Few researchers had made the “Heideggerian revolution” in AI explicit until Terry Winograd, with the help of Chilean economist and exile Fernando Flores (1986), authored Understanding computers and cognition: A new foundation for design. Under the influence of the early Heideggerian metaphysics from Being and Time as channeled into the Anglophone world by Dreyfus, as well the strange idiosyncratic cybernetics of autopoiesis from Maturana, Winograd and Flores attacked the logical foundations of artificial intelligence (one of which we saw comes from Carnap) and explicitly gave a new metaphysics for computing. Reinterpreting Heidegger and Merleau-Ponty in terms of a distinctly computational framing, Winograd and Flores began integrating the human into the heart of the computational system itself.
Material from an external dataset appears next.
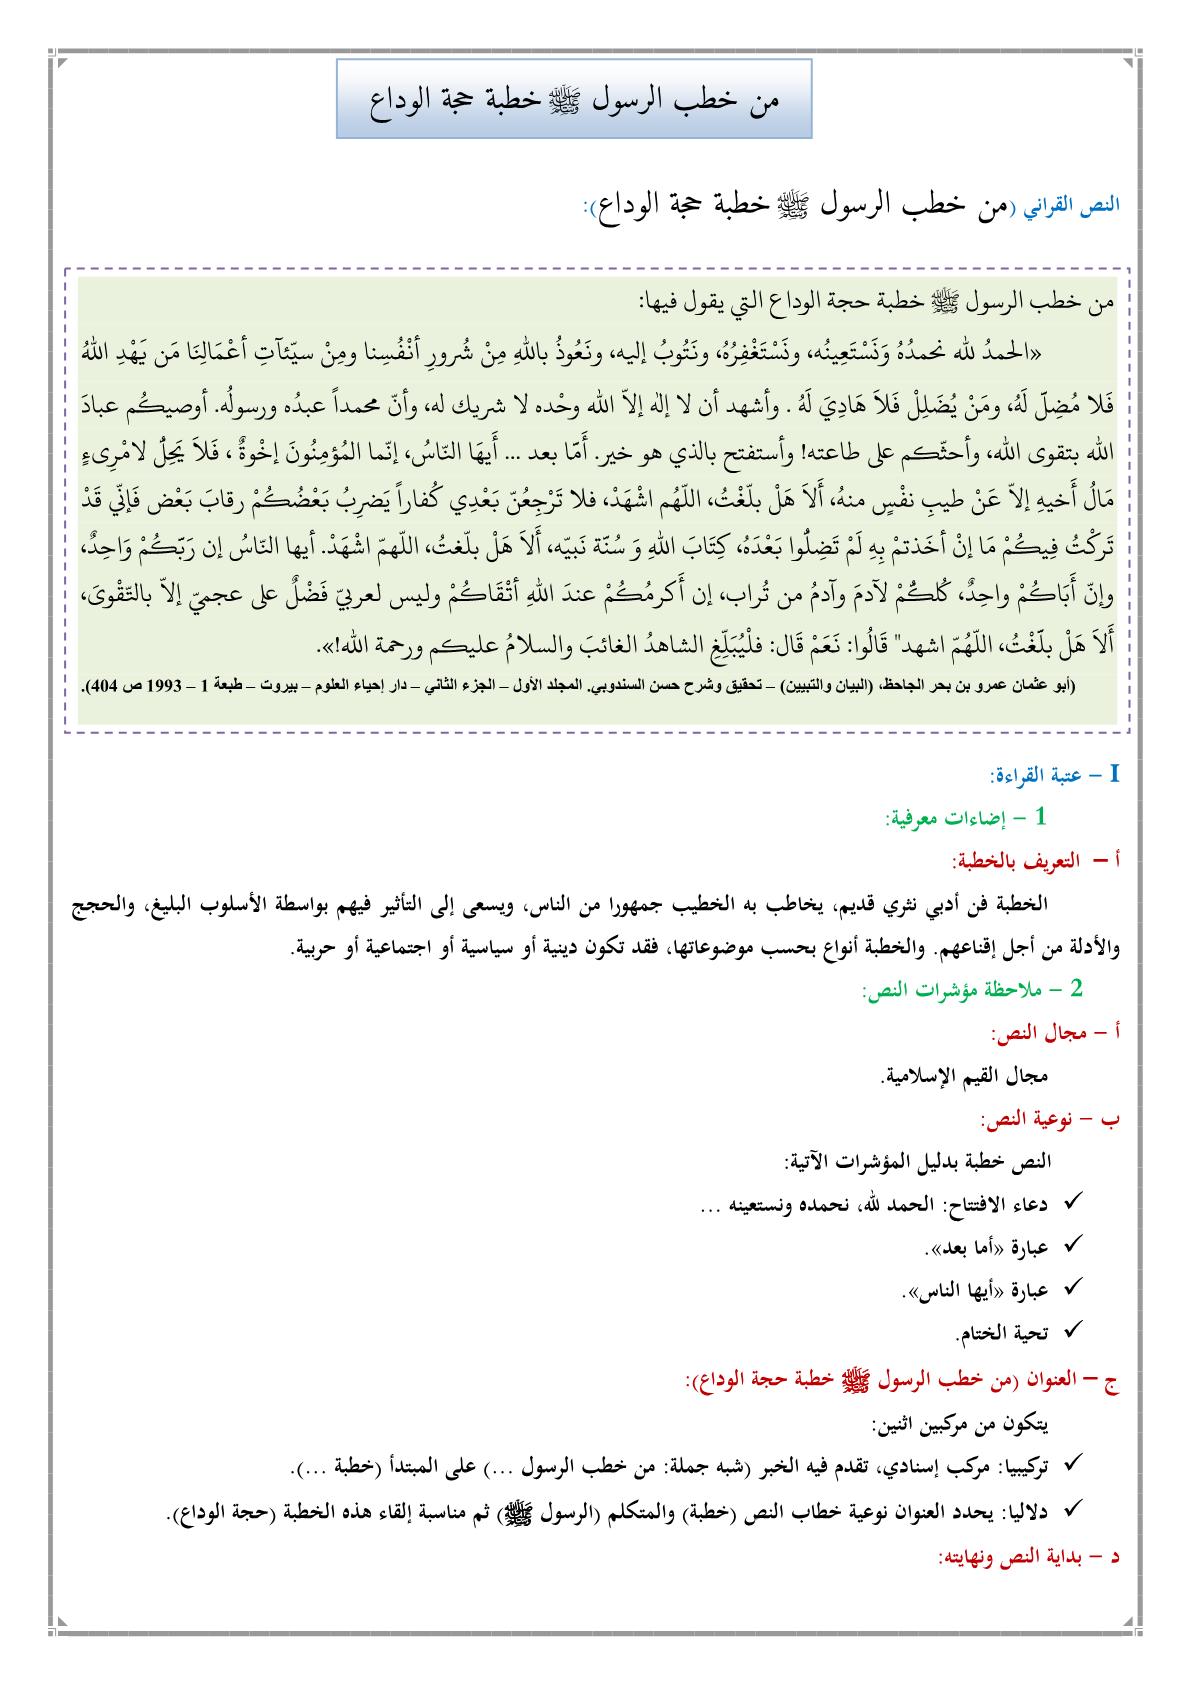 درس تحضير النص القرائي من خطب الرسول (ص) خطبة حجة الوداع للسنة الأولى إعدادي

Rather than attempting to create a third-person scientific perspective or an autonomous artificial intelligence based on logic, Winograd and Flores turned to a metaphysics of human-centered design, where the central task was transformed from representing human knowledge to using a machine to better enable the implicit and embodied knowledge of humans. Thus, logical representations of the sort championed by Carnap and AI knowledge engineers were considered passé and metaphysically suspect at best. The key to the new Heideggerian metaphysical foundations for design was Heidegger’s concept of Zuhandenheit, of “ready-to-hand”, where the goal was to have the computational apparatus become completely transparent — invisible — to the human. If there was to be some kind of technical breakdown, the technological apparatus was to become reshaped based on human feedback with the ultimate goal of re-establishing its own self-organization that continuously improved in the face of the messiness of the world. In Heidegger as well as the theory of autopoiesis, there was no meaning outside of the phenomenological world, and so formal semantics and the rest of the Carnap-inspired apparatus was thrown out, with a new emphasis being placed on learning and human-computer interaction.
Machine learning itself was only fleetingly approved by Winograd and Flores (1986), as they noted that “there is new interest in the phenomena of learning” due to the fact that “formal analysis” was “too limited to form the basis for a broad theory.” Unlike Dreyfus, Winograd and Flores felt that AI should not be built on neural theories, as “detailed theories of neurological mechanism will not be the basis for answering the generation questions about intelligence ... any more than detailed theories of transistor electronics would aid in the understanding of computer software.” In their radical re-interpretation that blended together Heidegger and cybernetics, the human was to become part of a new kind of distributed cognitive system that continually learned from its mistakes. Technology aimed for ever smoother, and eventually invisible, integration with the human. In other words, Winograd and Flores had laid the metaphysical foundations for Google.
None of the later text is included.